Other reports said the attack may have been only coincidental with the failure, but we’ll never know for certain. Since the failure of the satellite in 1998, due to atmospheric drag, the satellite has slowly lost height.
The ROSAT X-ray observatory, launched in 1990 by NASA and managed for years by the German Aerospace Center (DLR), will return to Earth within the next two weeks. Current best estimates place the re-entry between Oct. 22nd and 24th over an unknown part of Earth. Although ROSAT is smaller and less massive than UARS, which grabbed headlines when it re-entered on Sept. 24th, more of ROSAT could reach the planet’s surface. This is because the observatory is made of heat-tolerant materials. According to a DLR study, as many as 30 individual pieces could survive the fires of re-entry. The largest single fragment would likely be the telescope’s mirror, which is very heat resistant and may weigh as much as 1.7 tons.
ROSAT is coming, but it’s not here yet. On Oct. 13th, Marco Langbroek photographed the observatory still in orbit over Leiden, the Netherlands:
“I observed ROSAT this evening in deep twilight,” says Langbroek. “It was bright, magnitude +1, and an easy naked-eye object zipping across the sky where the first stars just had become visible.”
Update: Scott Tilley of Roberts Creek, British Columbia, made a video of ROSAT on Oct. 15th: “It did get pretty bright, at least 1st magnitude, as it passed overhead after sunset.”
Also, check the German ROSAT re-entry page for updates.

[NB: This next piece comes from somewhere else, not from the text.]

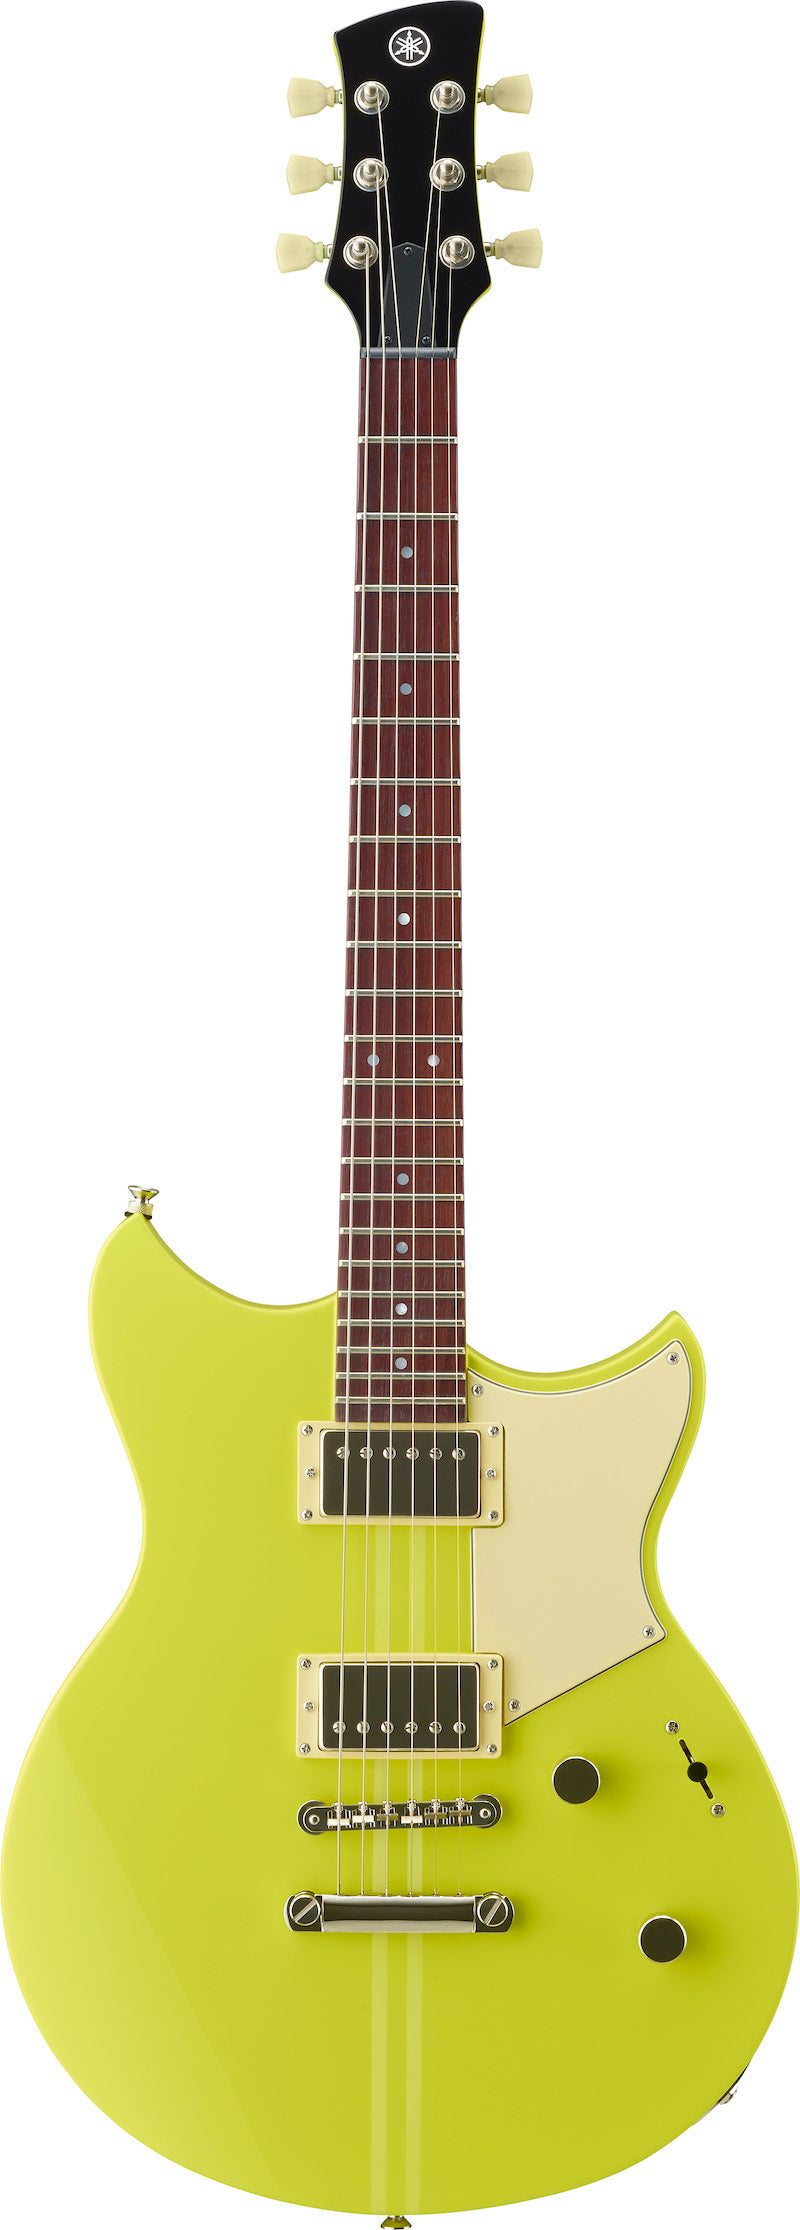 Yamaha Revstar RSE20 NY Electric Guitar - Neon Yellow
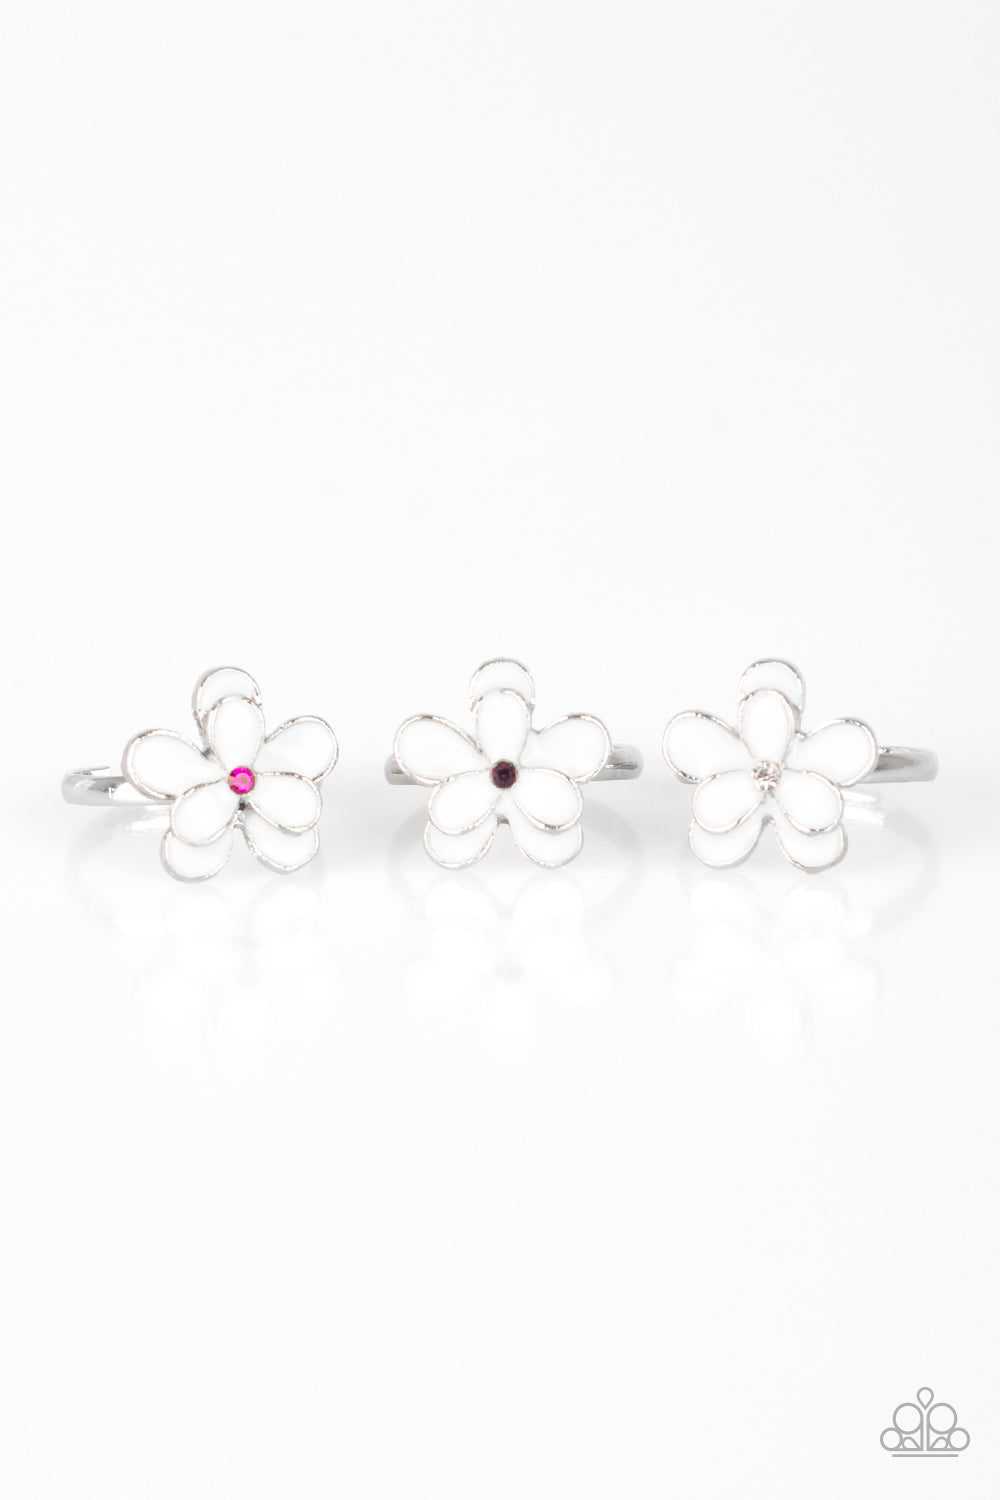 Paparazzi Starlet Shimmer Girls Rings - 10 - White Flower w/Rhinestone center - $5 Jewelry With Ashley Swint

The role of space weather: Solar activity has strongly affected ROSAT’s decay. Only a few months ago, experts expected the satellite to re-enter in December. However, they did not anticipate the recent increase in sunspot count. Extreme ultraviolet radiation from sunspots has heated and “puffed up” Earth’s atmosphere, accelerating the rate of orbital decay. The massive observatory now has a date with its home planet in October.